Thanks to my new tool, I am now free to make text changes to any string I want without having to worry about offsets, as my new tool will automatically recompile the entire text bank. The new formatting style that I've adopted is modeled after vivify93's Final Fantasy IV hack, which doesn't have any 'space' bytes after periods, colons, and commas.
Also the 'HP' and 'MP' text has also been changed to what it looks like in FFIV:

And lastly I'd like to talk about icons:

The icon graphics were taken from the English prototype of Final Fantasy II, as those are as 'official' as you can get (as opposed to the Demiforce ones). And yes, there will be a visual difference between Cuirass items and Armor items.
Next up I am going to start working on a text decrypter for FFI&II GBA, that way I can view any of the text from the remake so I don't have to copy the script by hand.
EDIT: lmao, I'm looking into FF Dawn of Souls right now (since I'm a GBA hacking veteran), and the way the text is stored, at least in the FFII portion, is rather hilarious. Each line of text has its own pointer. I don't mean paragraph, I mean a single freaking line of text has its own pointer, even if it stops mid-sentence!
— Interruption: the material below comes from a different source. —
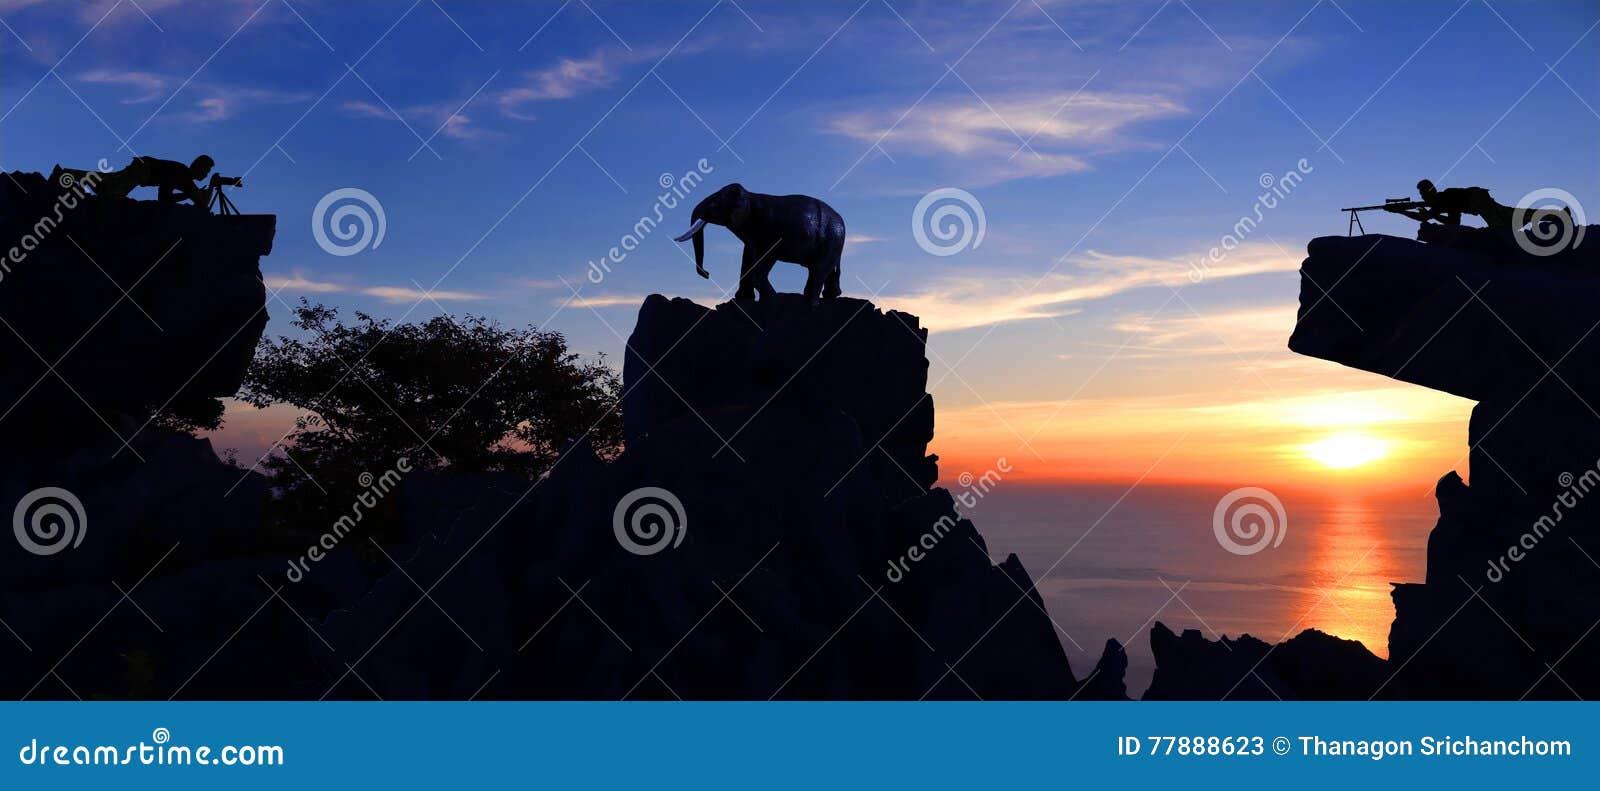 Hombre Que Tira Un Elefante En La Montaña Foto de archivo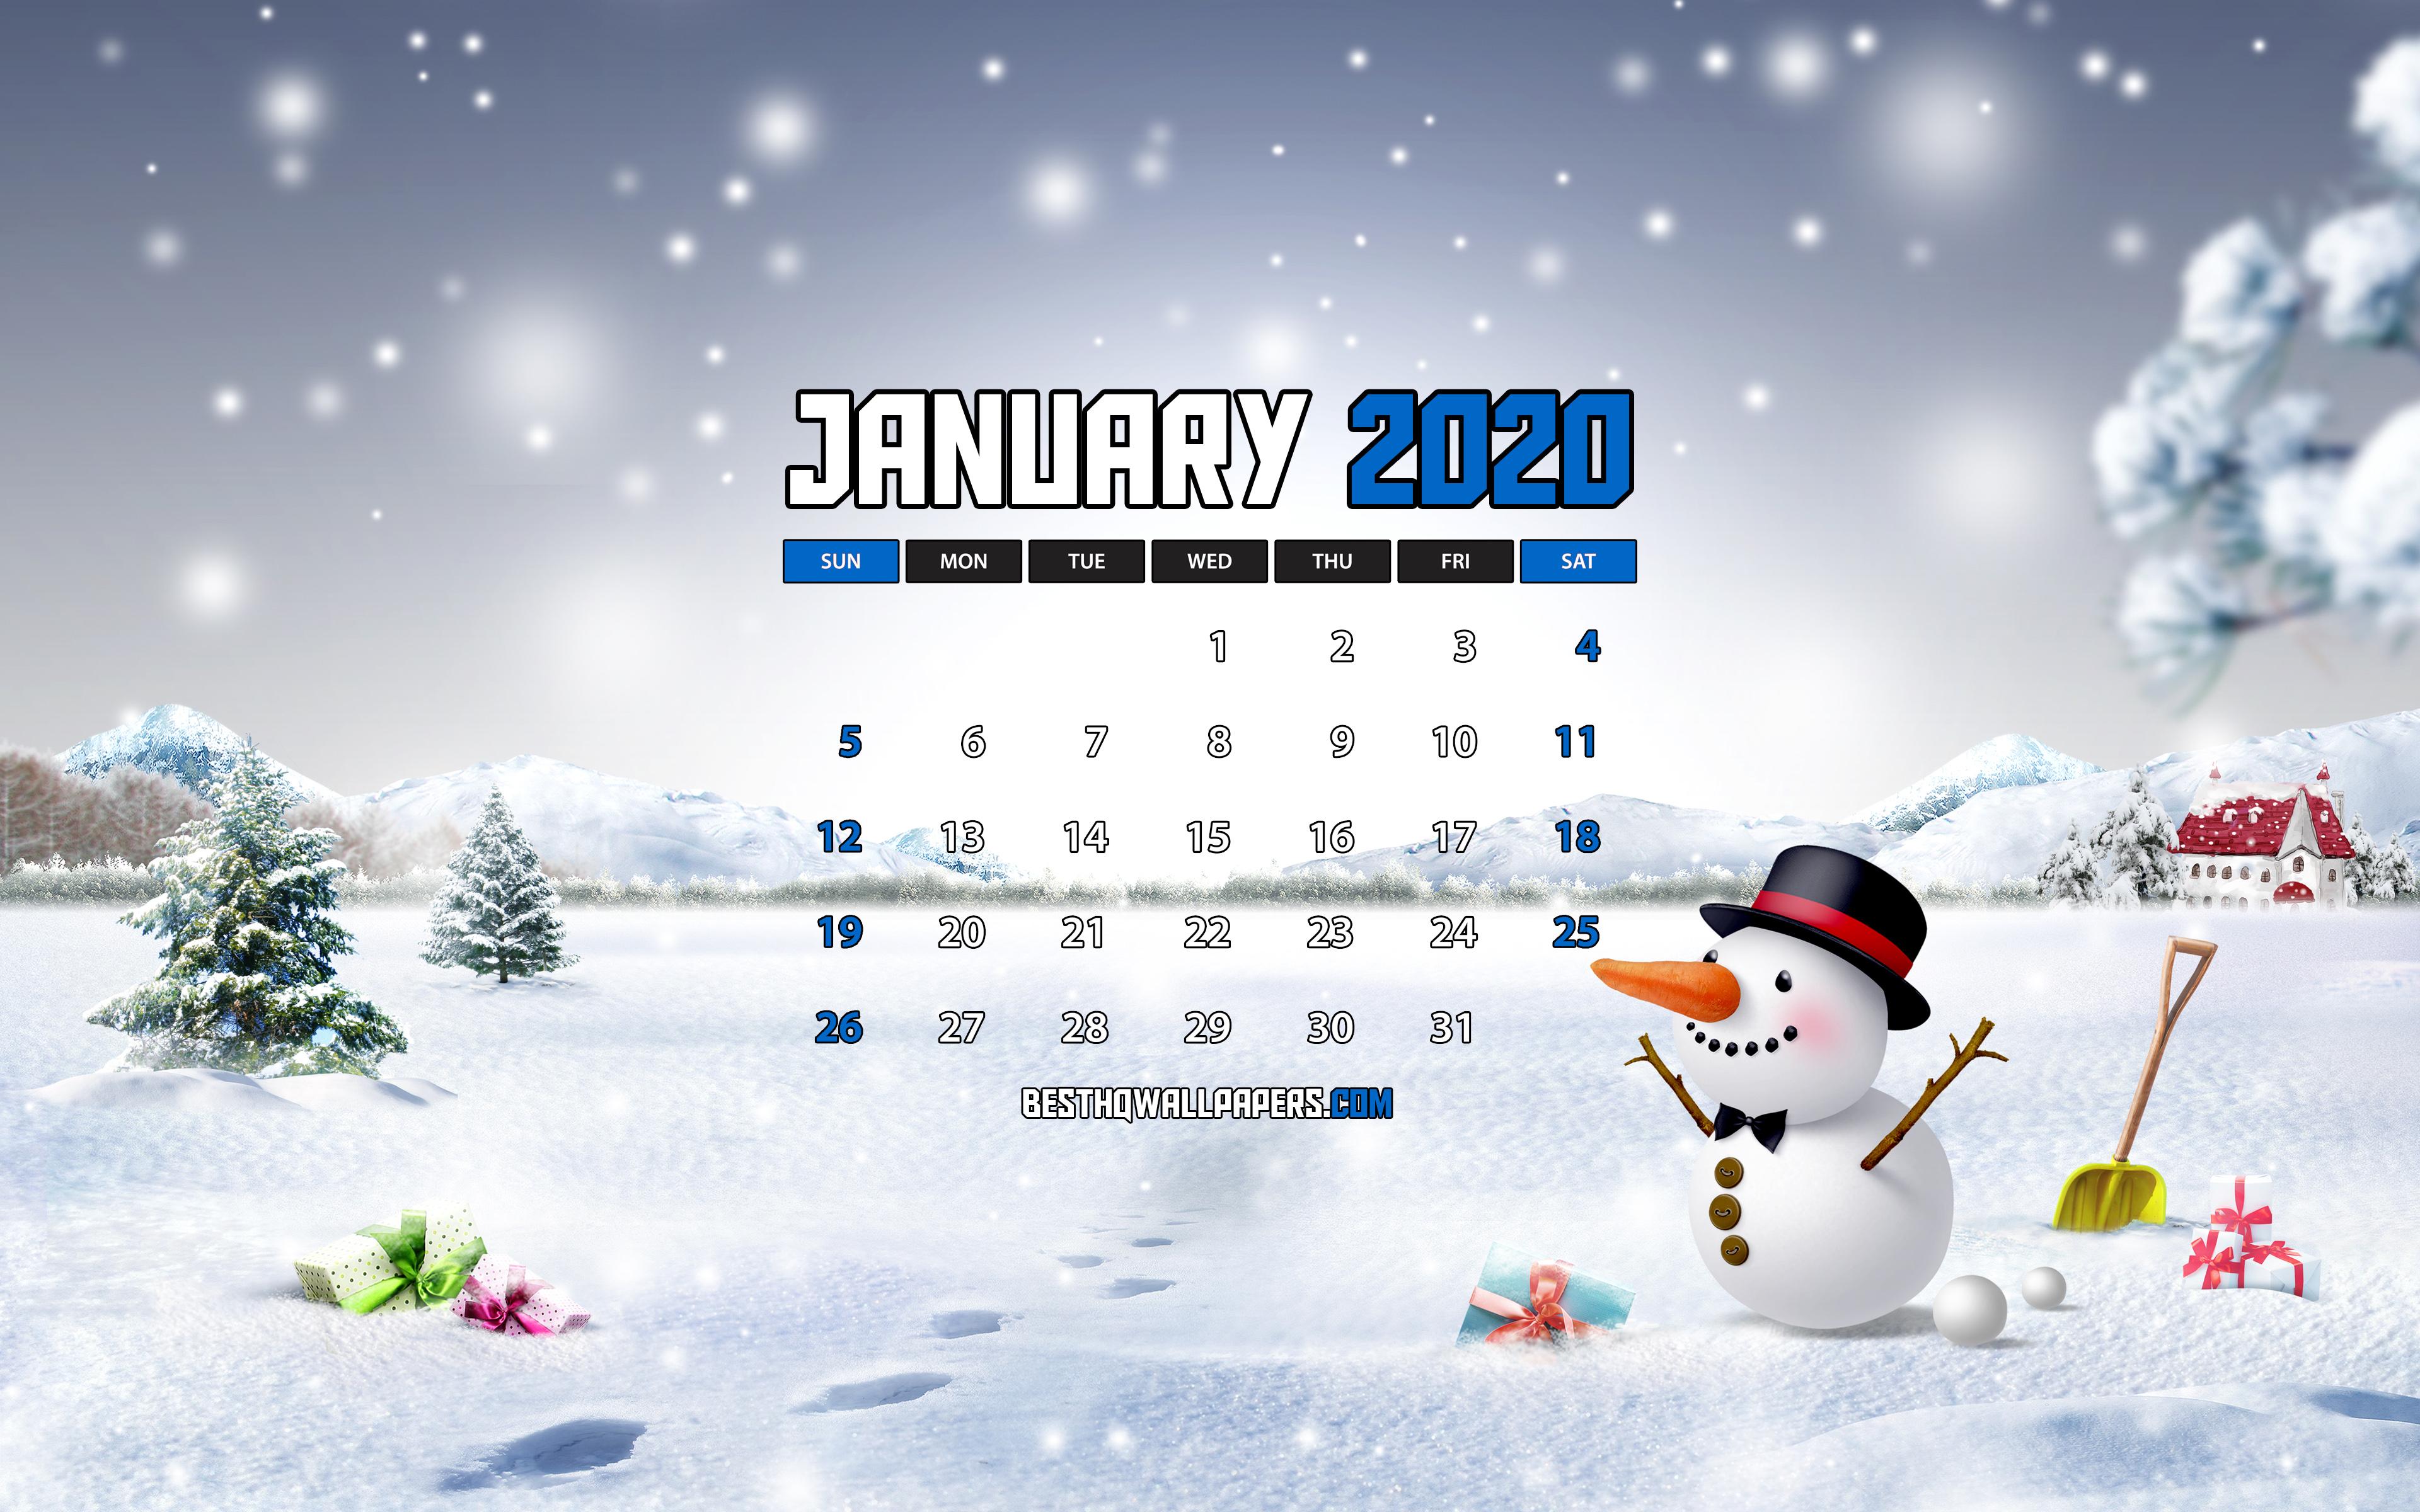 Download wallpapers January 2020 Calendar 4k snowman winter 3840x2400

EDIT: So it turns out that the text in FFDoS is stored in a really really ridiculous way. First of all, as mentioned before, each single line of text has its own pointer, and they're stored in reverse-alphabetical order in a lookup table. And then there's ANOTHER table that the game uses to look up which "line ID", but this table isn't really a true table, more like a list that the game looks through and it even has its own text separate from the other text table, which controls keywords. At this point I'm getting sick of reverse-engineering FFDoS's ASM code so I decided I'm just going to continue transcripting by hand as before.